+++ Information shown

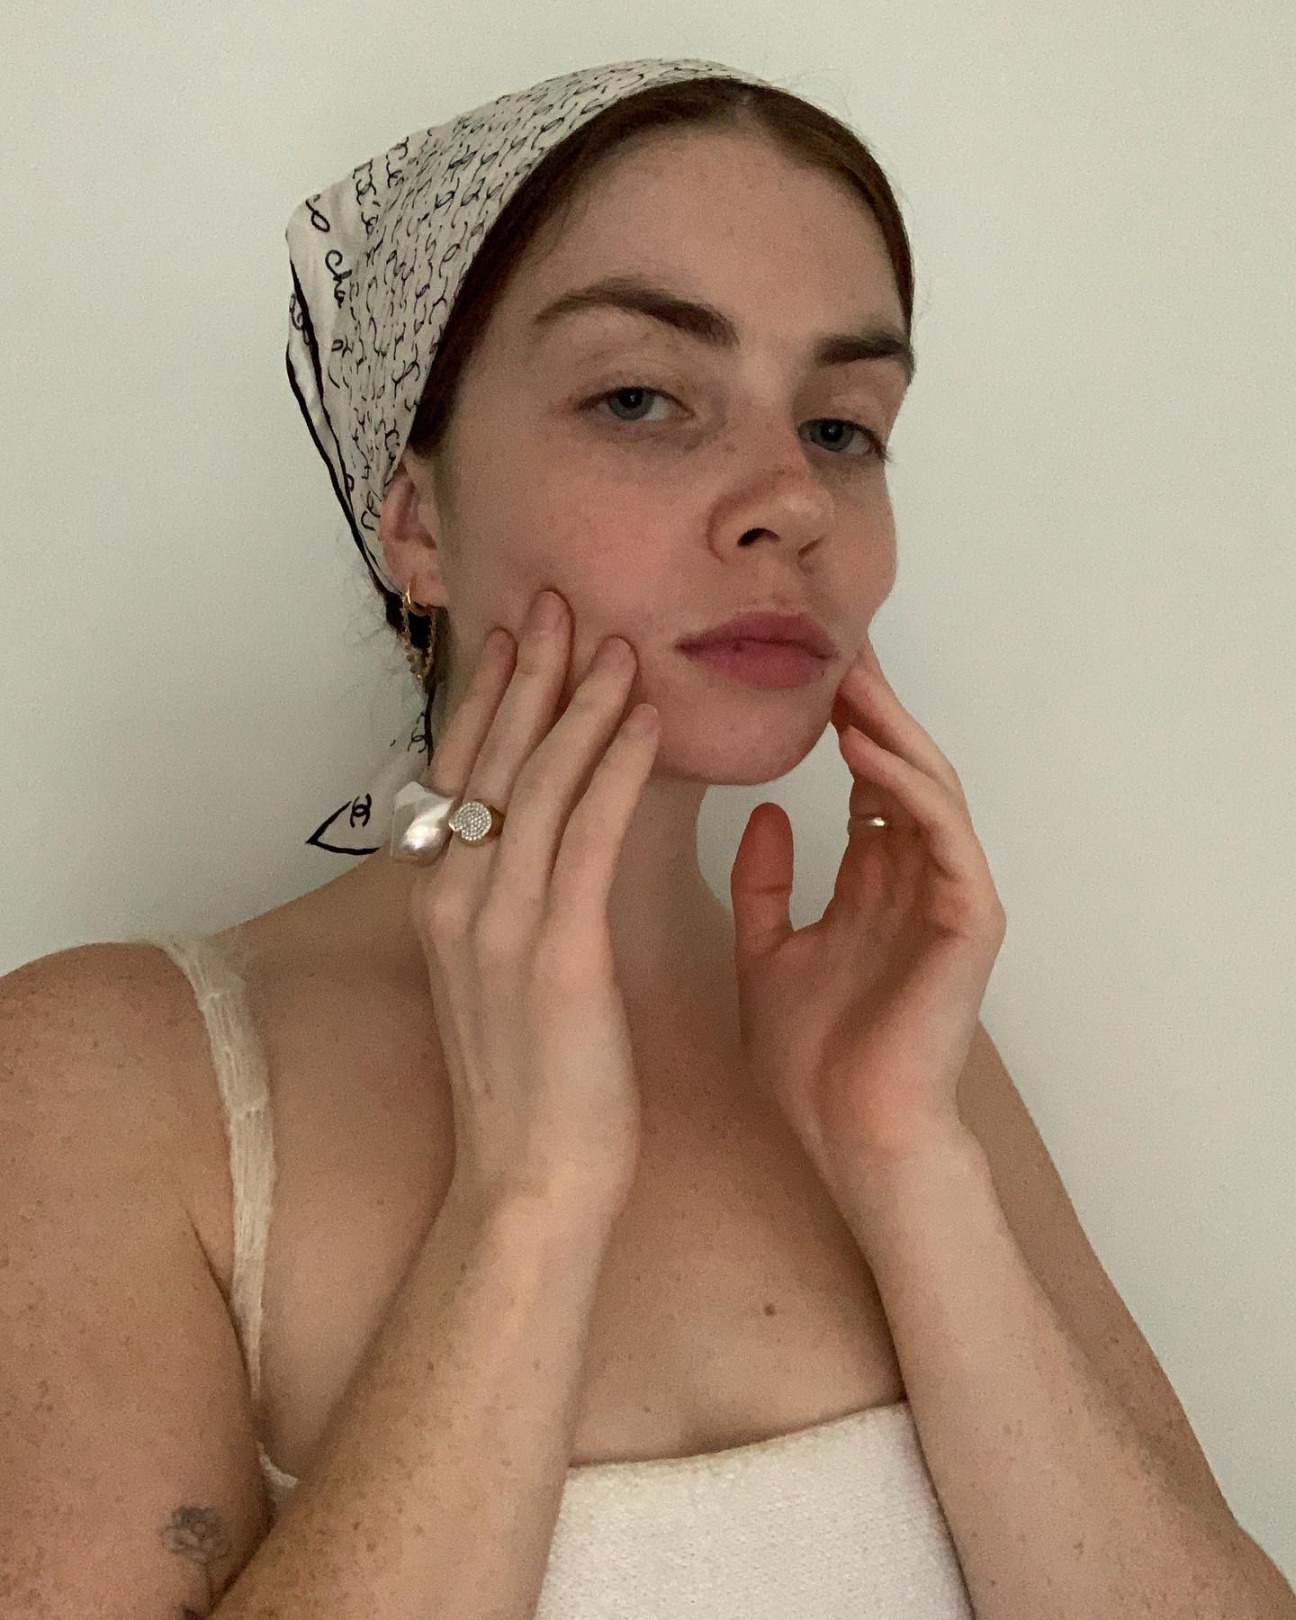 Marianne Theodorsen'den Irma Oganova'ya Haftanın Güzellik Instagramları
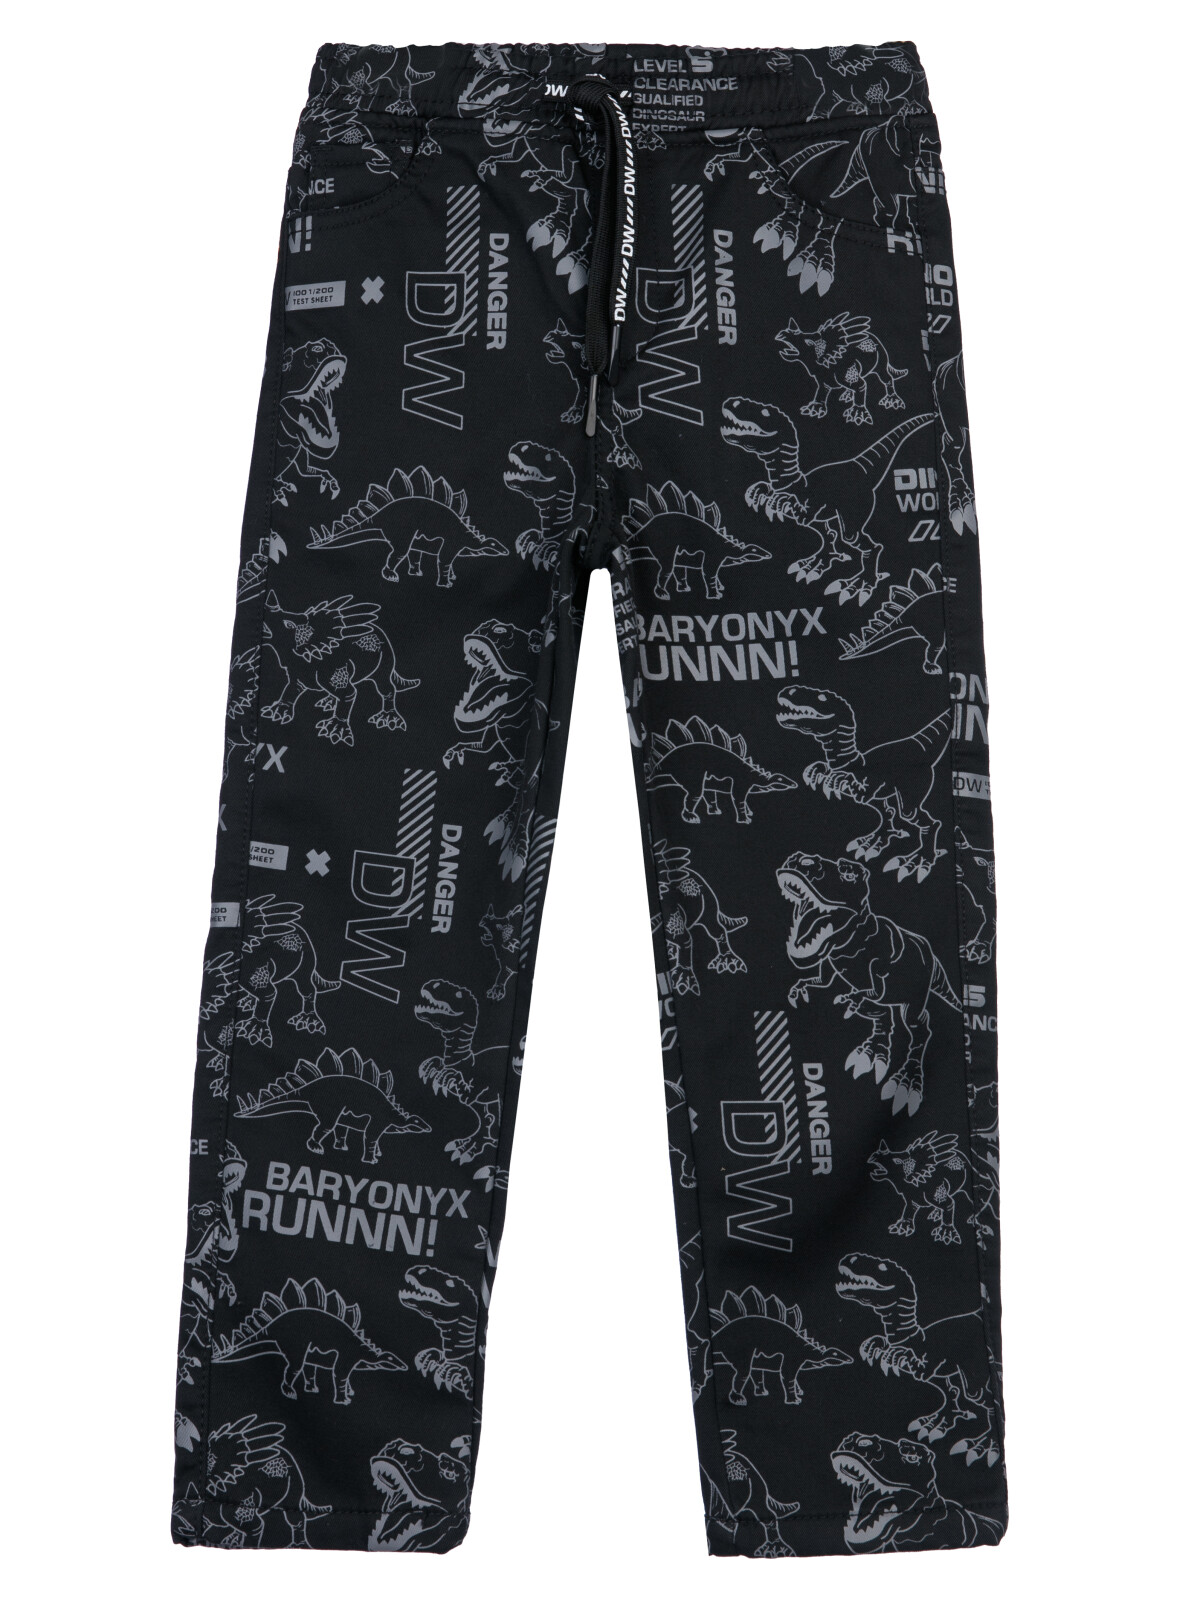 Брюки текстильные джинсовые утепленные флисом для мальчиков PlayToday, тёмно-синий, 110
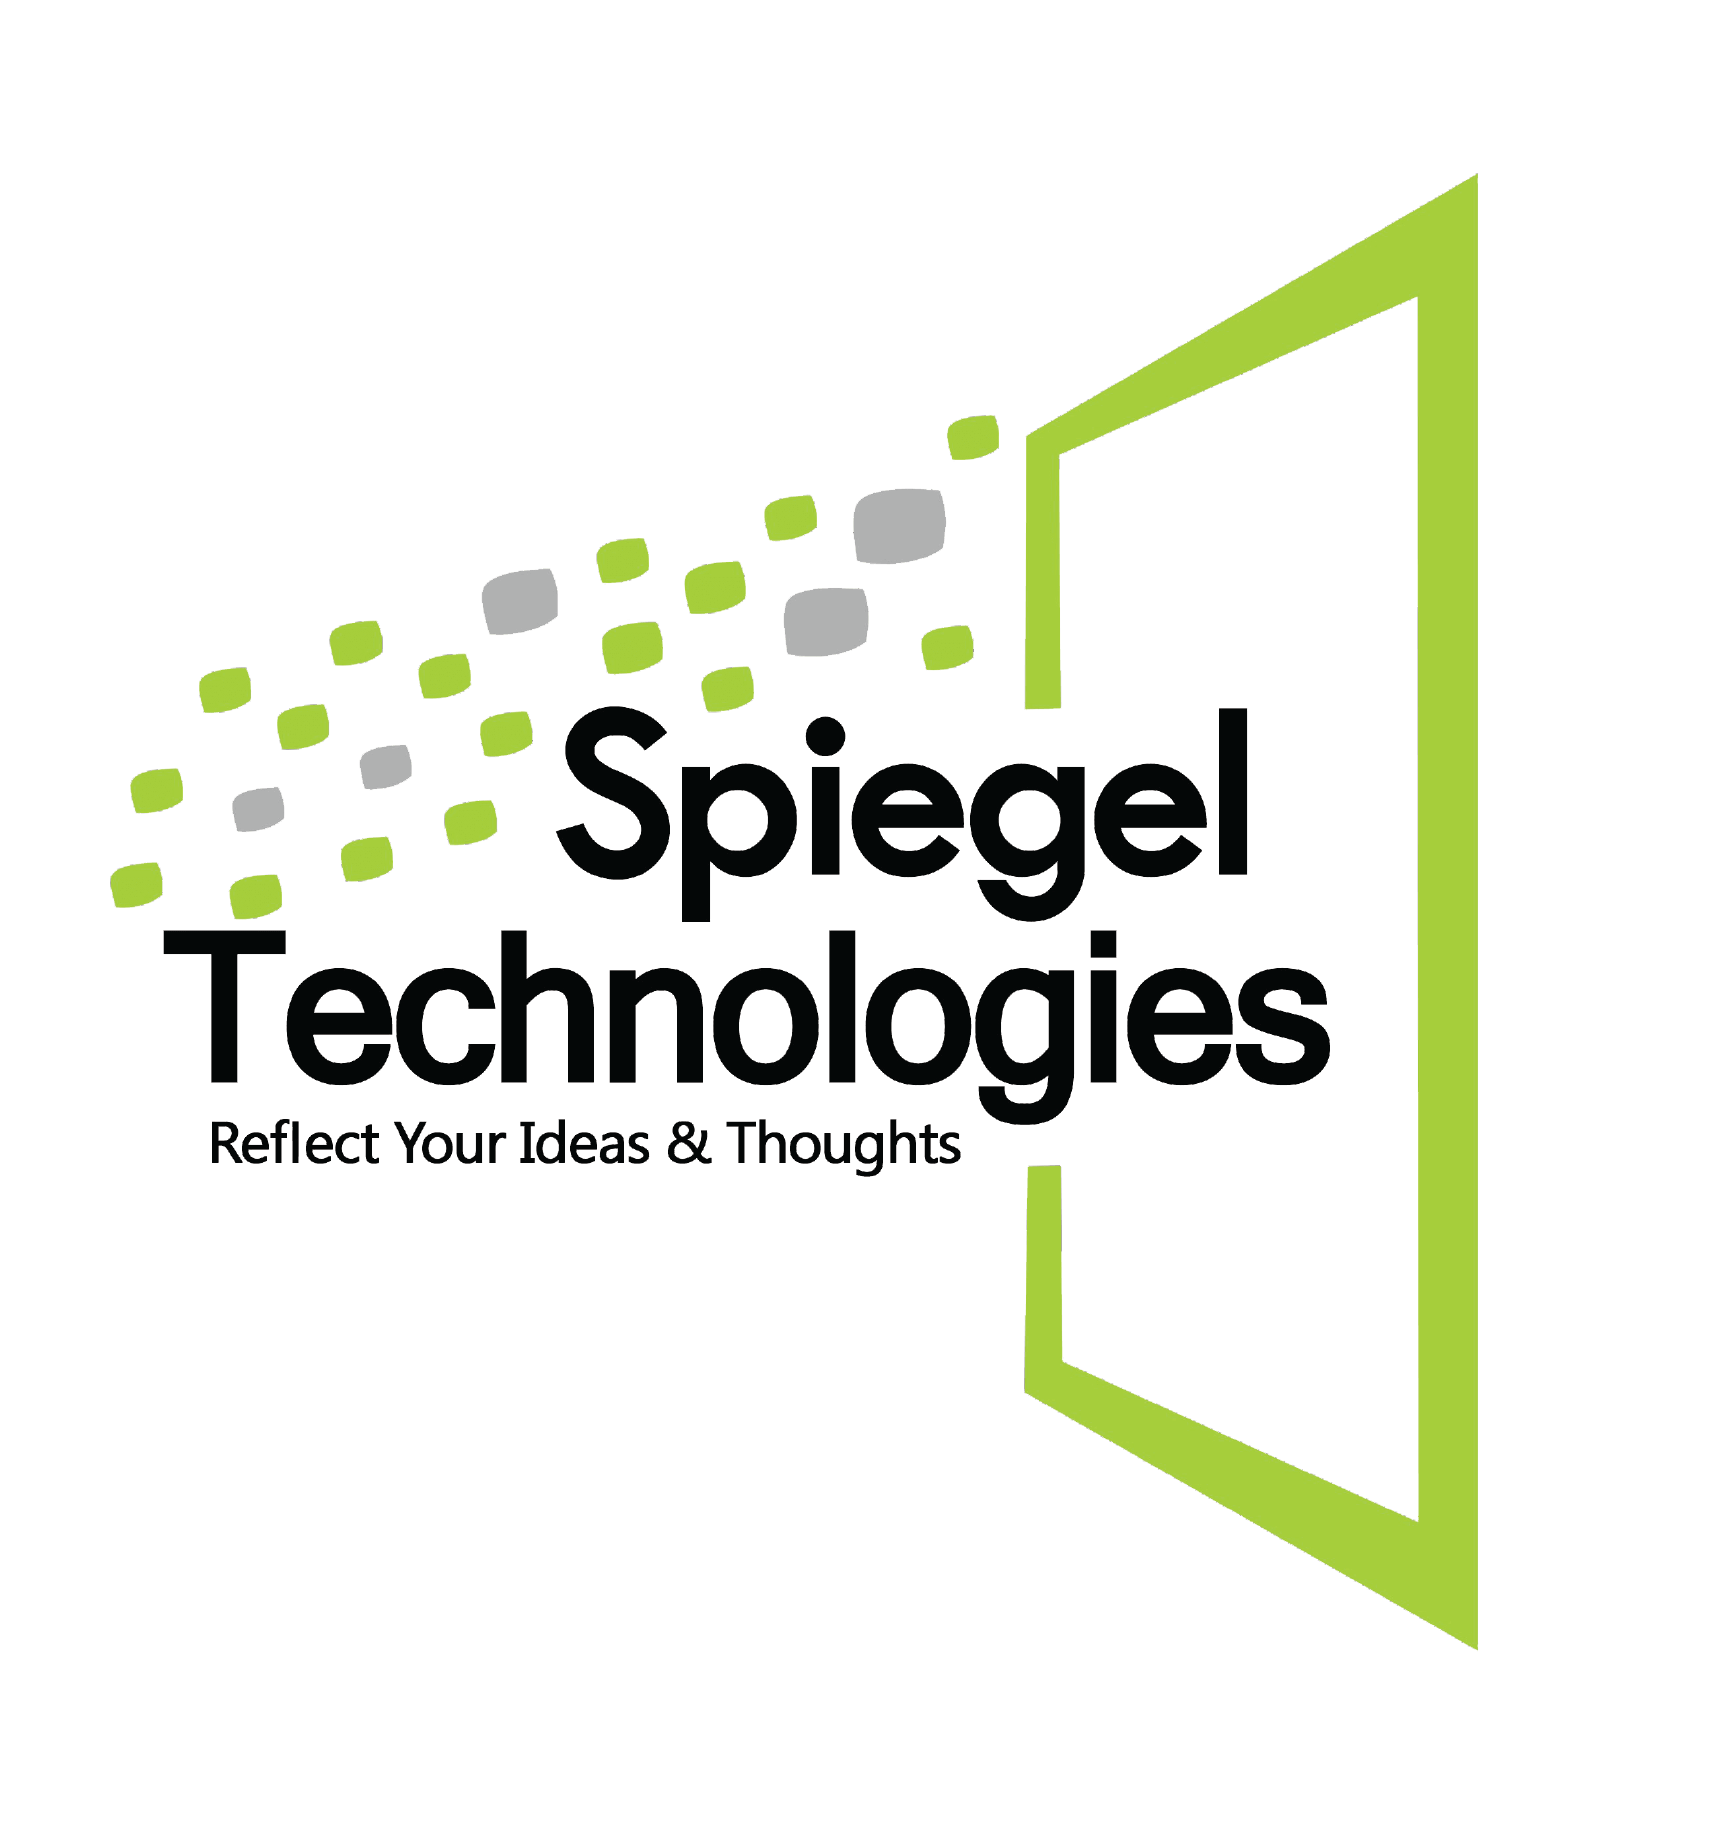 Spiegel Technologies, a chatbot developer
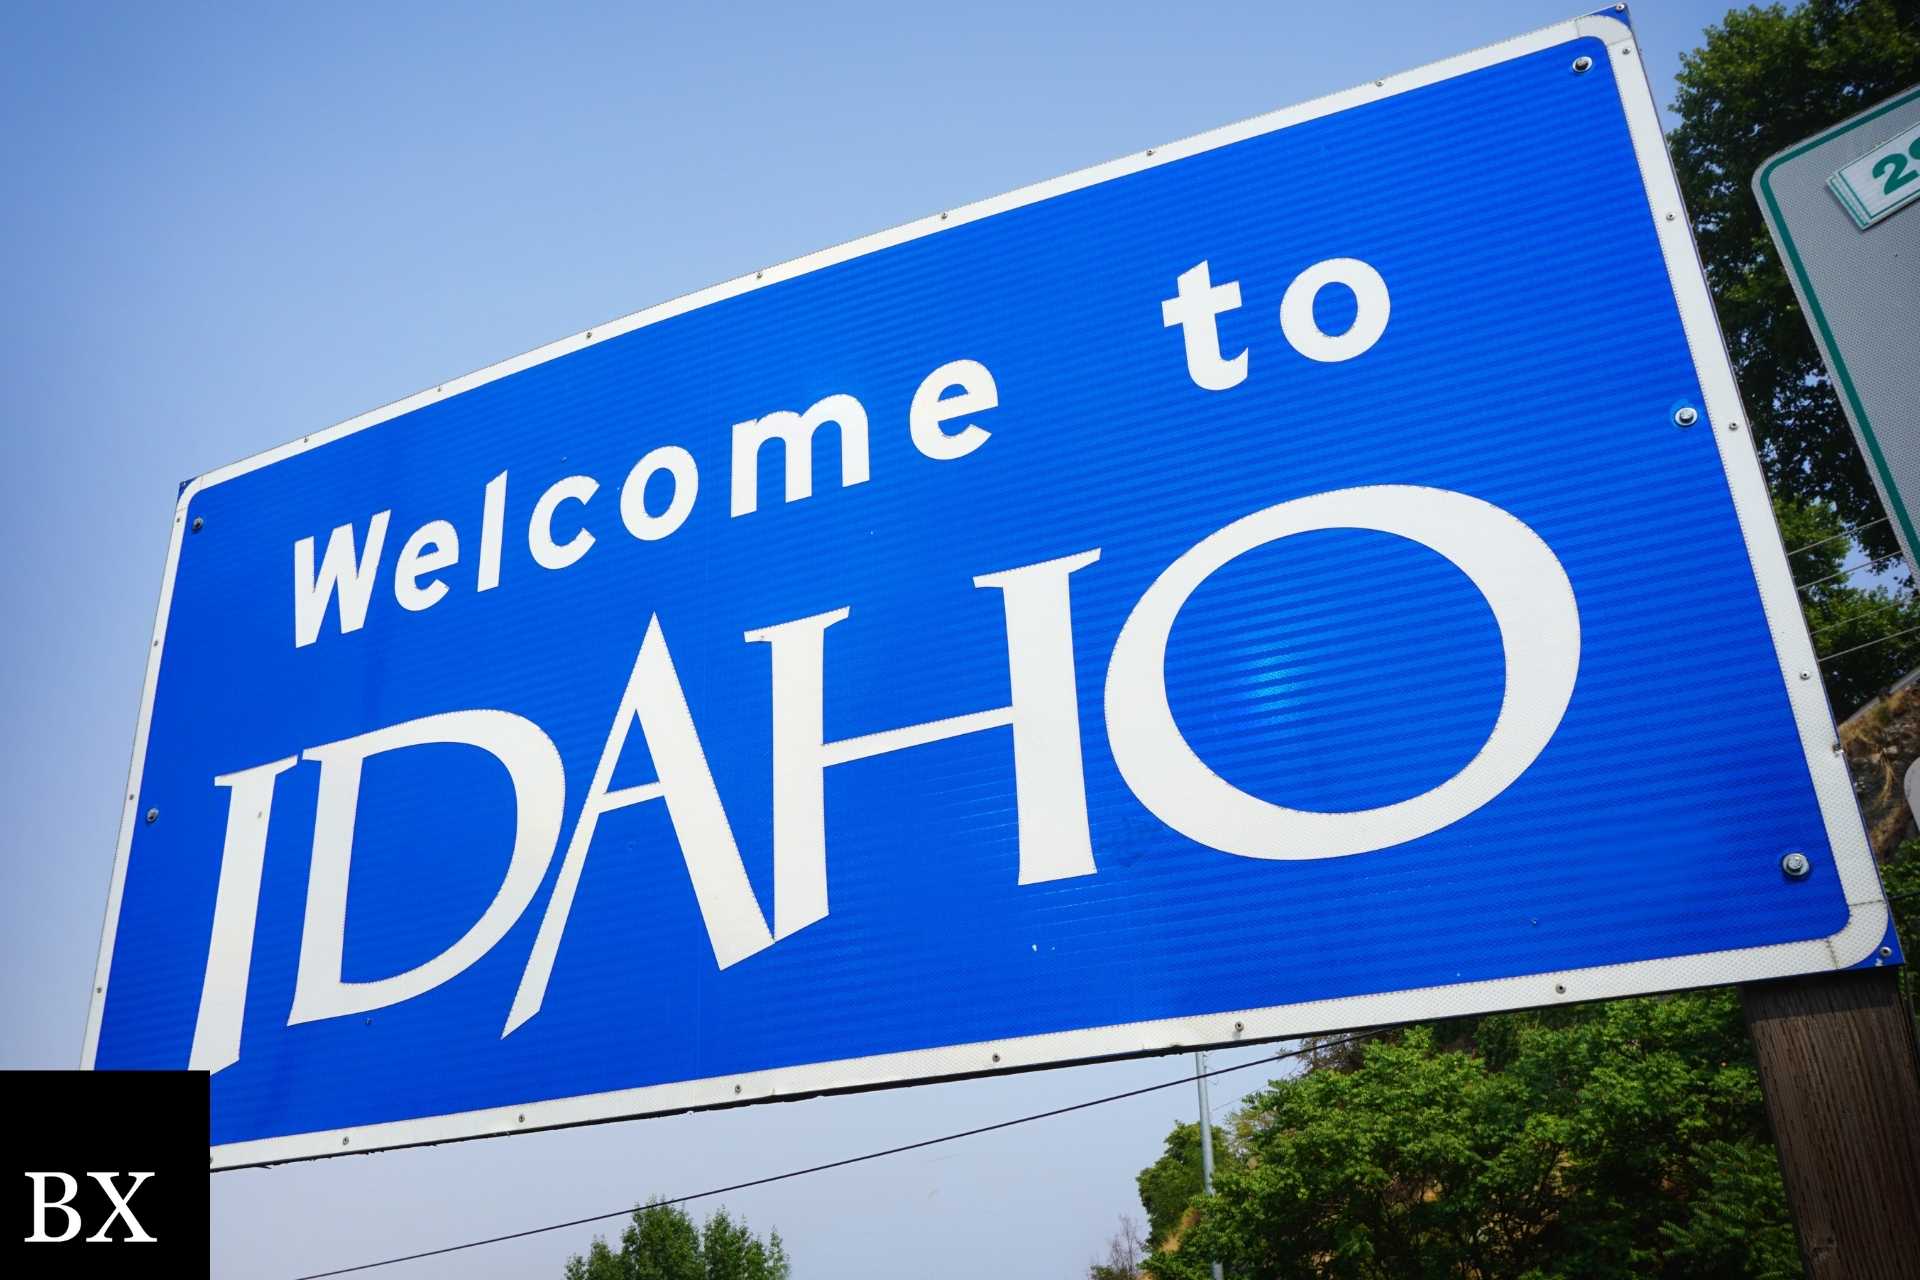 Idaho Plumbing Contractor / Specialty Contractor License Bond

++++++

» What to produce: The preceding listing must be repeated exactly, with all images dropped.

» Written response:
 Marianne Theodorsen'den Irma Oganova'ya Haftanın Güzellik Instagramları
 Брюки текстильные джинсовые утепленные флисом для мальчиков PlayToday, тёмно-синий, 110
 Spiegel Technologies, a chatbot developer
 Idaho Plumbing Contractor / Specialty Contractor License Bond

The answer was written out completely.